Asian cyclists seldom want disc because the riders are light around 60 kgs so they feel that disc brakes are unnecessary.

Sent from my SM-G965F using Tapatalk
Im not Asian, not that light (74 kg at a moment), riding plenty of hills on carbon tubulars... And feel that disc brakes are unnecessary, and just marketing gimmick for road bike.. And no, really dont feel that need stronger brakes even in wet and even im surrounded with mountains (grades from 5% to 20%)
I ride hills all day (cat 2, 3 and 4) and I weigh 76kg and have coated alloy rim brakes and I don't feel I need disk brakes either.

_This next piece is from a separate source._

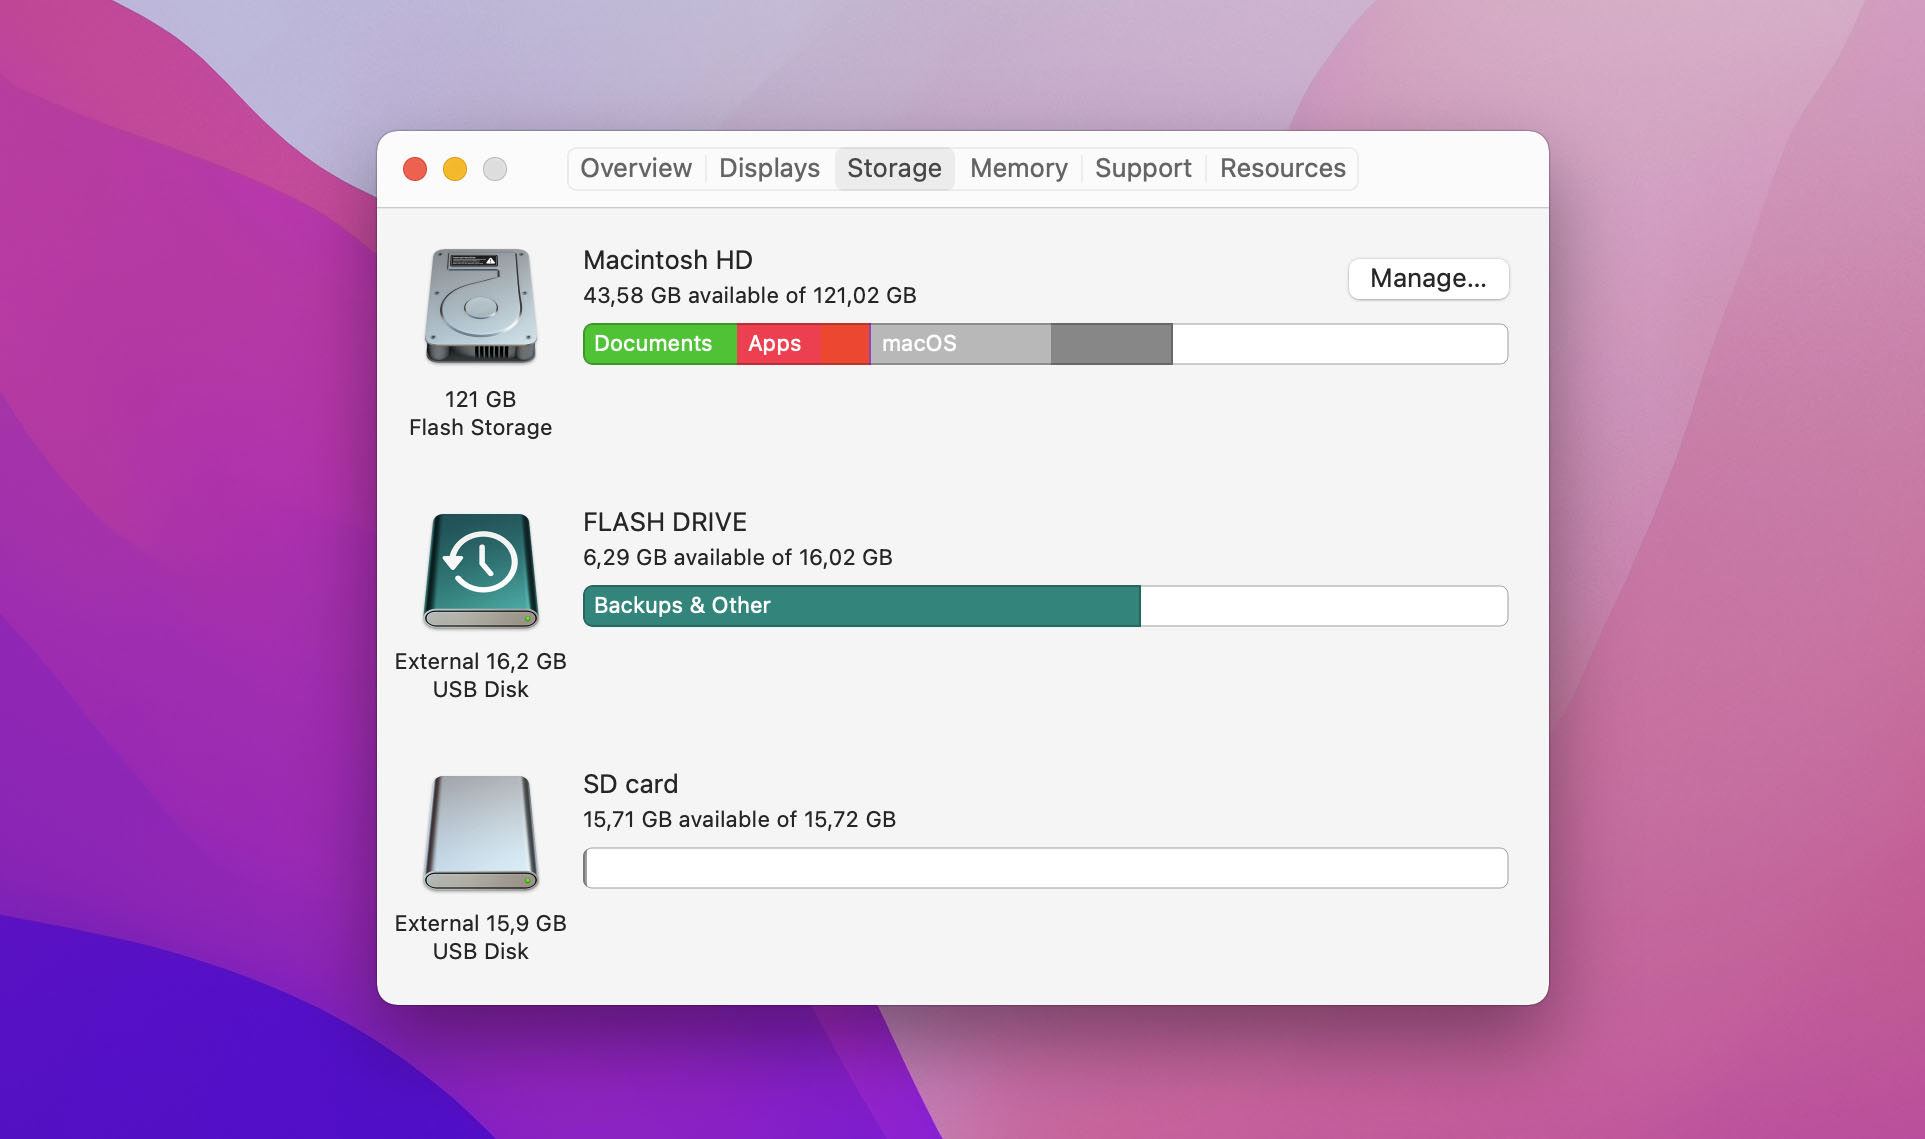 Click on Storage to view a display of your Mac’s storage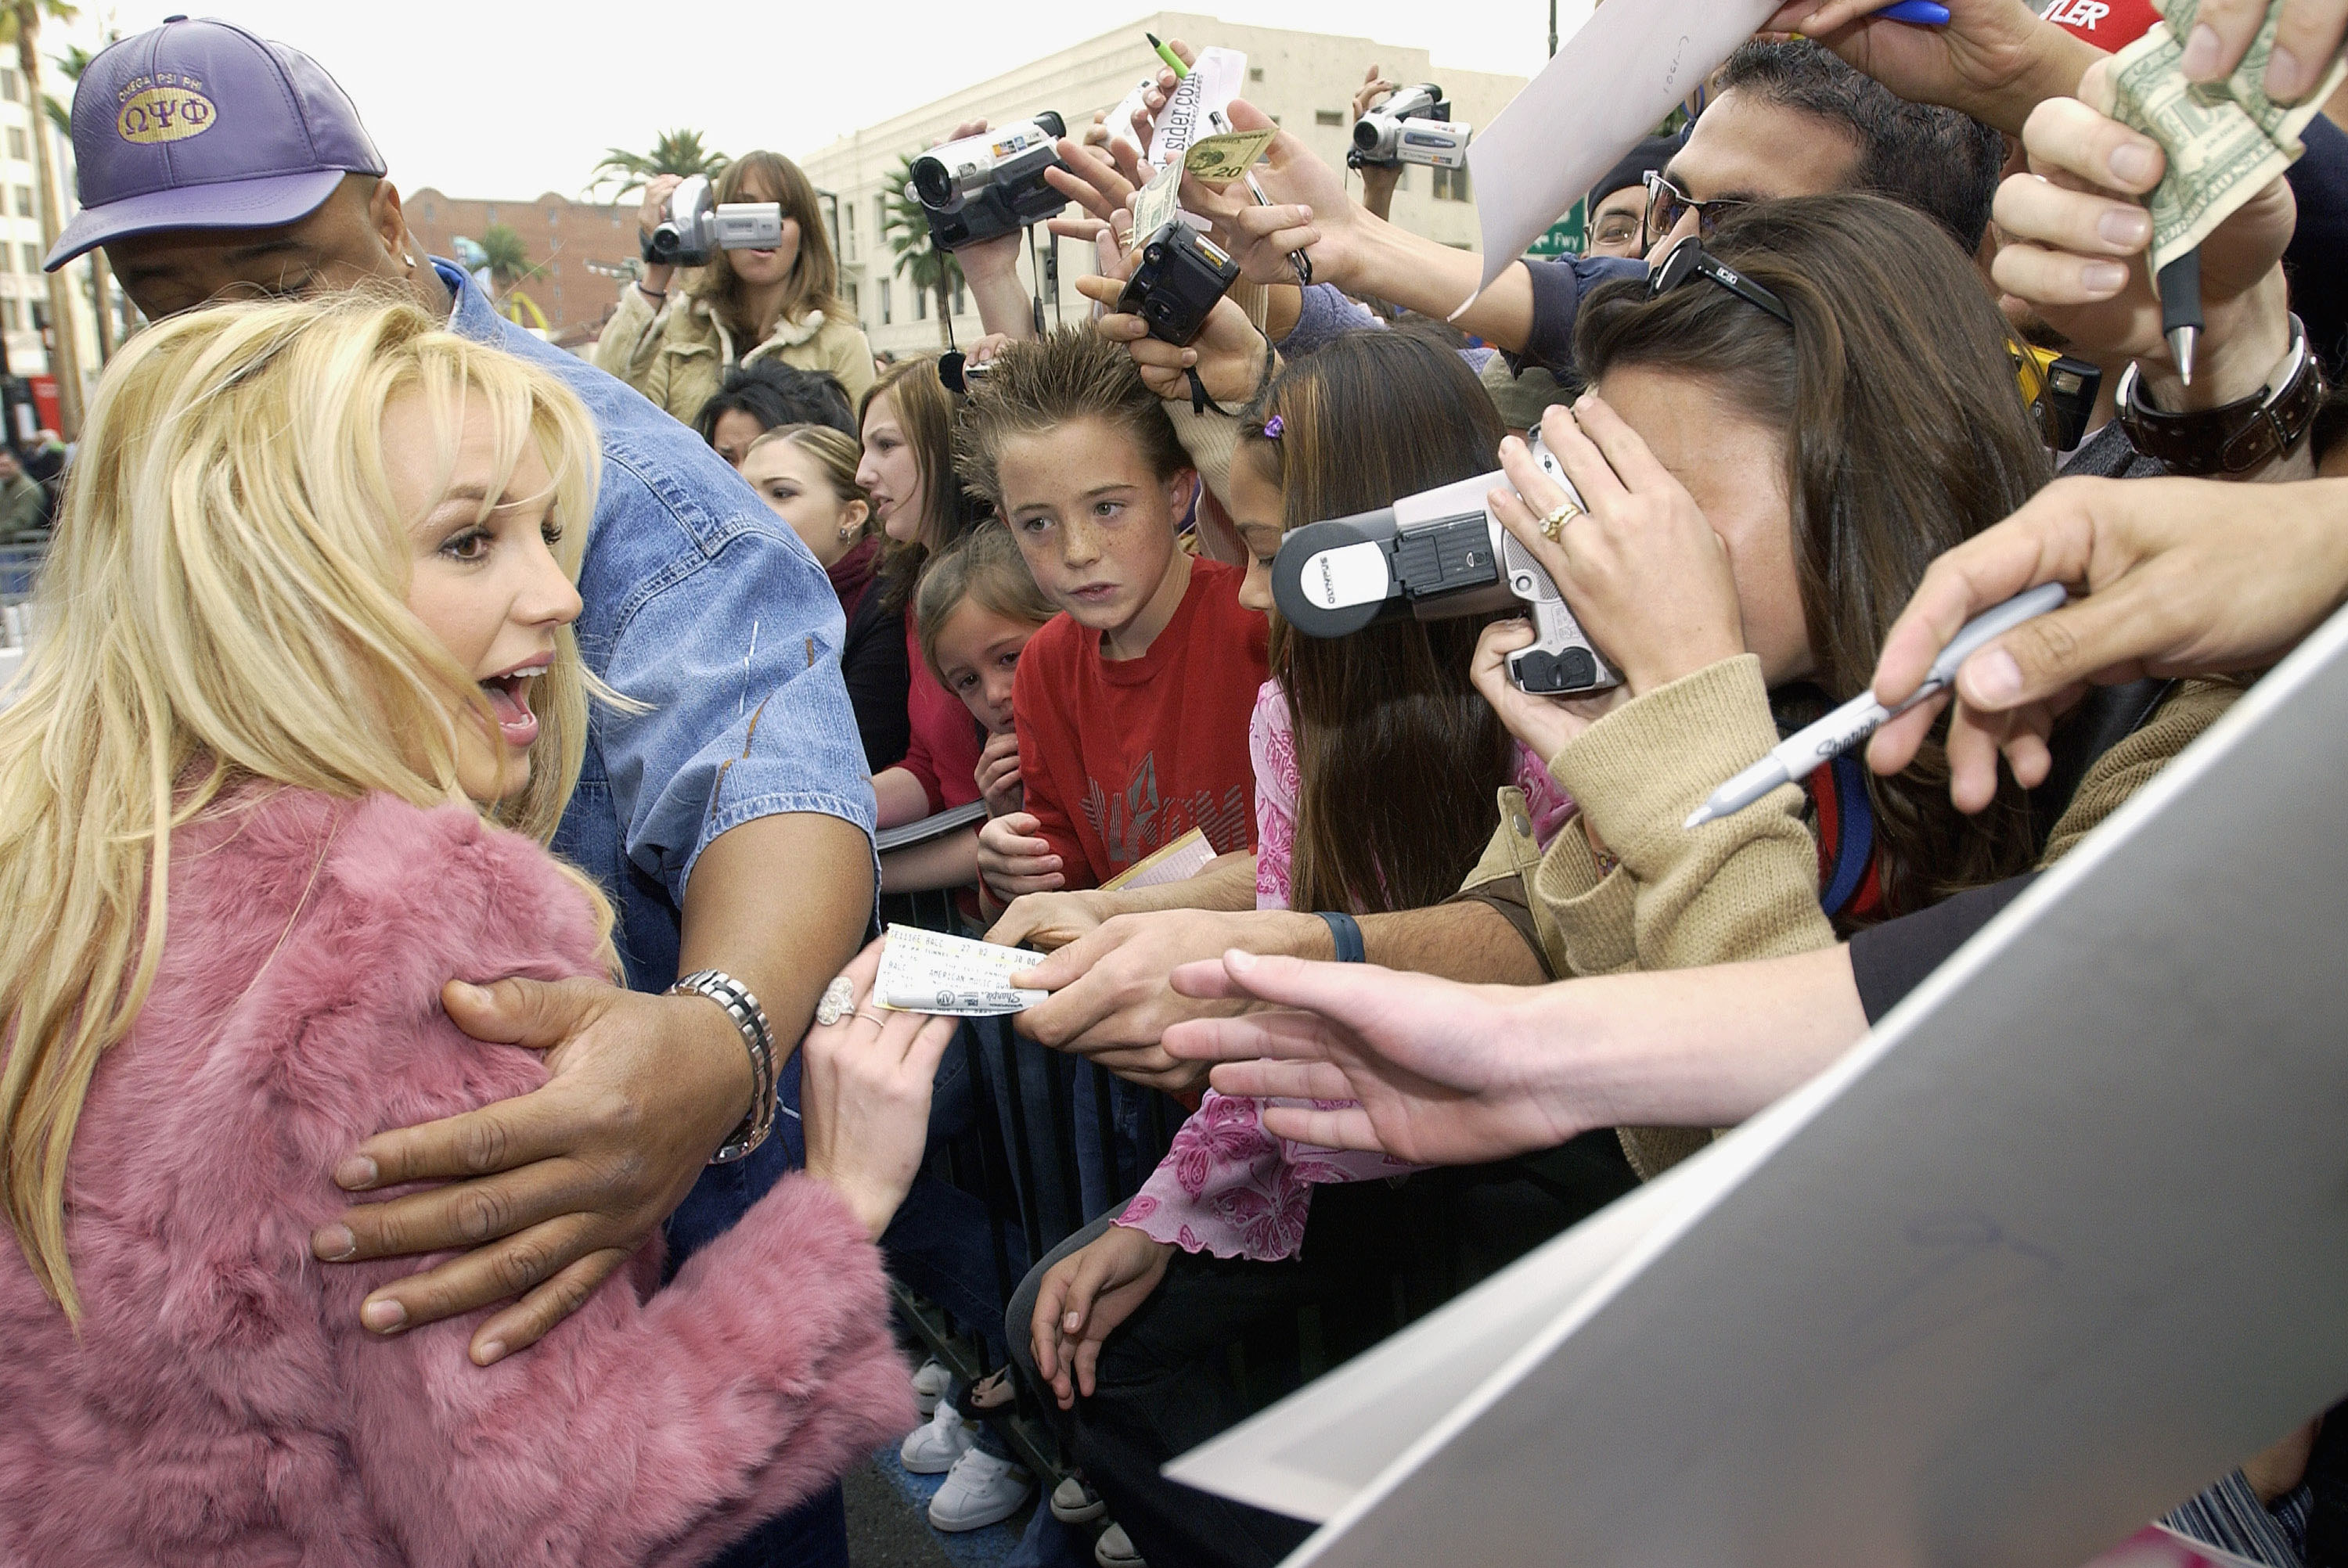 Britney spears being led away from a crowd of fans

But I'm sure you already knew that! I ride disk brake bikes every day, they're on my commuting bikes, so it's not as if I don't know what I'm missing. :thumbup:

fxx
Posts: 129
Joined: Fri Sep 17, 2010 2:10 pm

by fxx

Speaking of disc brake tech, MTB Shimano's XTR brake calipers are more technologically advanced than it's road cousins, with better pads and 4 pot calipers and they look very sleek too, why did Shimano decide to adopt flat mount line for road bikes? Both road and MTB lines should have been post mount so that roadies need not wait for trickle down tech.

After all many other road bike tech have adopted MTB features such as head set, sloping top tubes and now disc brakes.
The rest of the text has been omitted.